Bardzo ważna jest też profilaktyka i uświadamianie Polaków, jak mogą minimalizować ryzyko wystąpienia danych chorób, gdyż powikłania mogą prowadzić często do zgonu. Takie wnioski płyną z debaty „Wyzwania polskiej kardiologii", zorganizowanej przez „Rzeczpospolitą" w ramach akcji #zdroweserce.
Epidemia sercowców
Choroby układu krążenia pozostają głównym zabójcą Polaków na początku XXI wieku. – Musimy o tym mówić i uświadamiać to ludziom – podkreślił prof. Piotr Ponikowski, prezes Polskiego Towarzystwa Kardiologicznego (PTK). – Wielu osobom wydaje się, że wojna ze schorzeniami układu krążenia została wygrana, a tak nie jest – dodał.

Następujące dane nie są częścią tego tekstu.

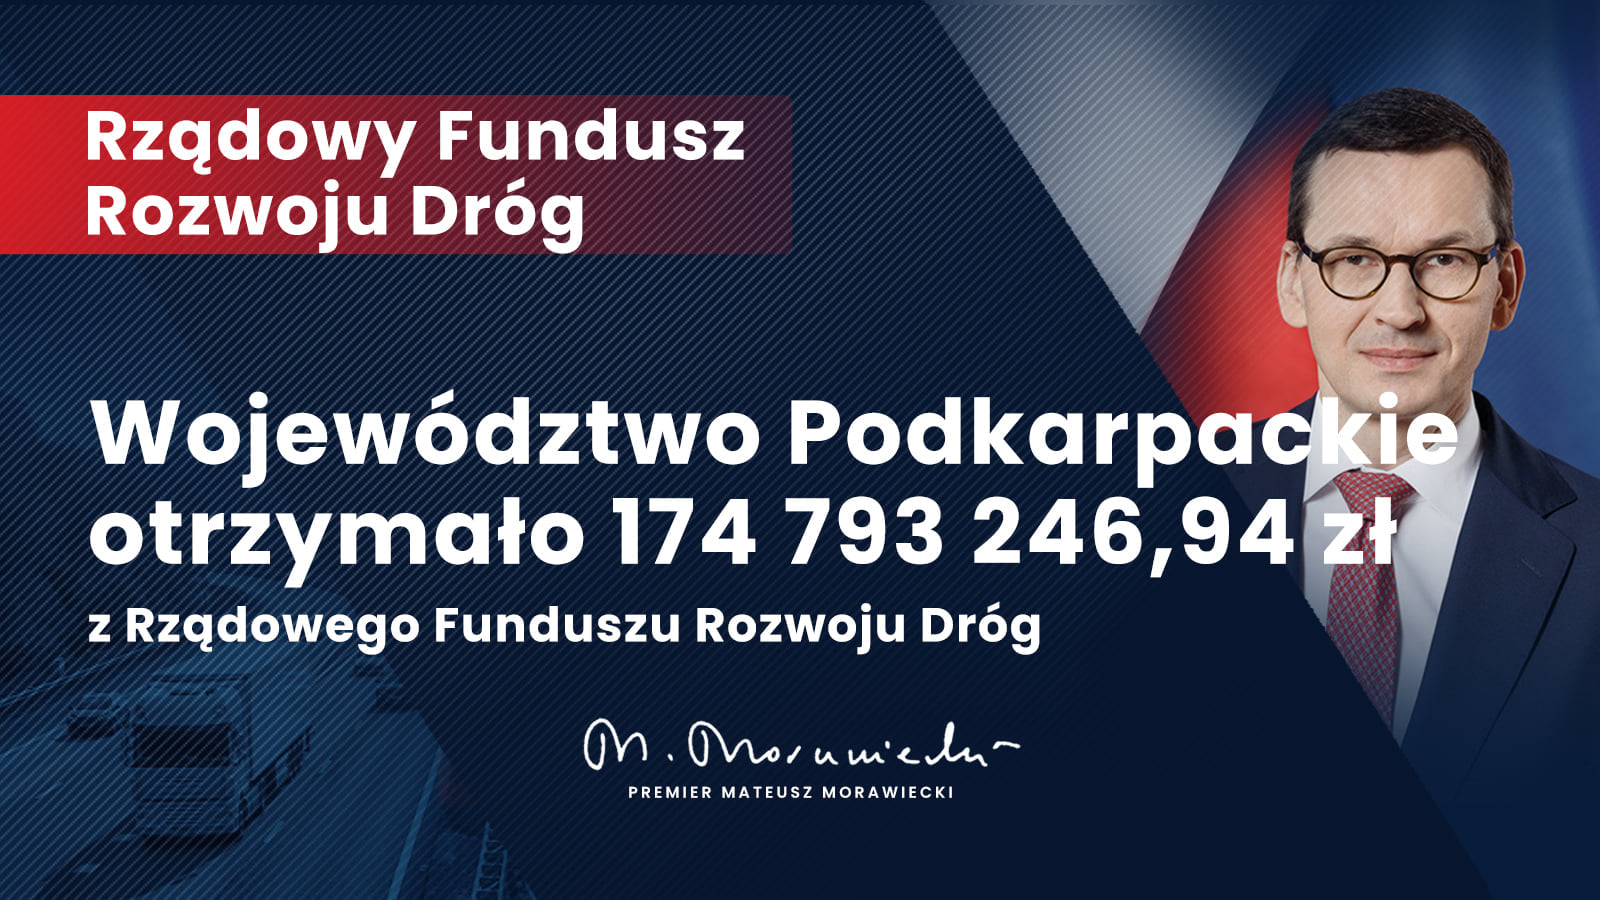 Województwo Podkarpackie otrzymało 174 793 246,94 zł w ramach Rządowego Funduszu Rozwoju Dróg

Bardzo ważna jest prewencja, która musi zaczynać się bardzo wcześnie. Żeby odwrócić trend w perspektywie dwóch–trzech dekad musi być ona bardzo szeroka. W niektórych krajach na Zachodzie choroby układu krążenia nie są już przyczyną śmierci nr 1. Za dwie dekady podobnie może być w Polsce.
Ponikowski zaznaczył, że największym zagrożeniem, wręcz epidemią jest niewydolność serca. – Ludzi z tym problemem jest milion. Hospitalizacji z tego powodu jest 180 tys., więcej niż z powodu zawałów. To są olbrzymie koszty leczenia – mówił. Zdradził, że PTK wraz z NFZ chce wprowadzić unikalny w skali światowej koordynowany program nad niewydolnością serca, co pozwoli zahamować niekorzystny trend.
Prof. Piotr Jankowski, sekretarz Polskiego Towarzystwa Kardiologicznego, dodał, że w zakresie profilaktyki wciąż mamy bardzo dużo do zrobienia. – Dieta Polaków w ciągu ostatnich 15 lat się nie zmienia. Poprawiała się w latach 90., wtedy wydłużała się znacząco długość życia. Zmniejsza się aktywność fizyczna Polaków. Z tego powodu narastają otyłość i cukrzyca. To powoduje epidemię chorób układu krążenia, w tym niewydolności serca – tłumaczył Jankowski.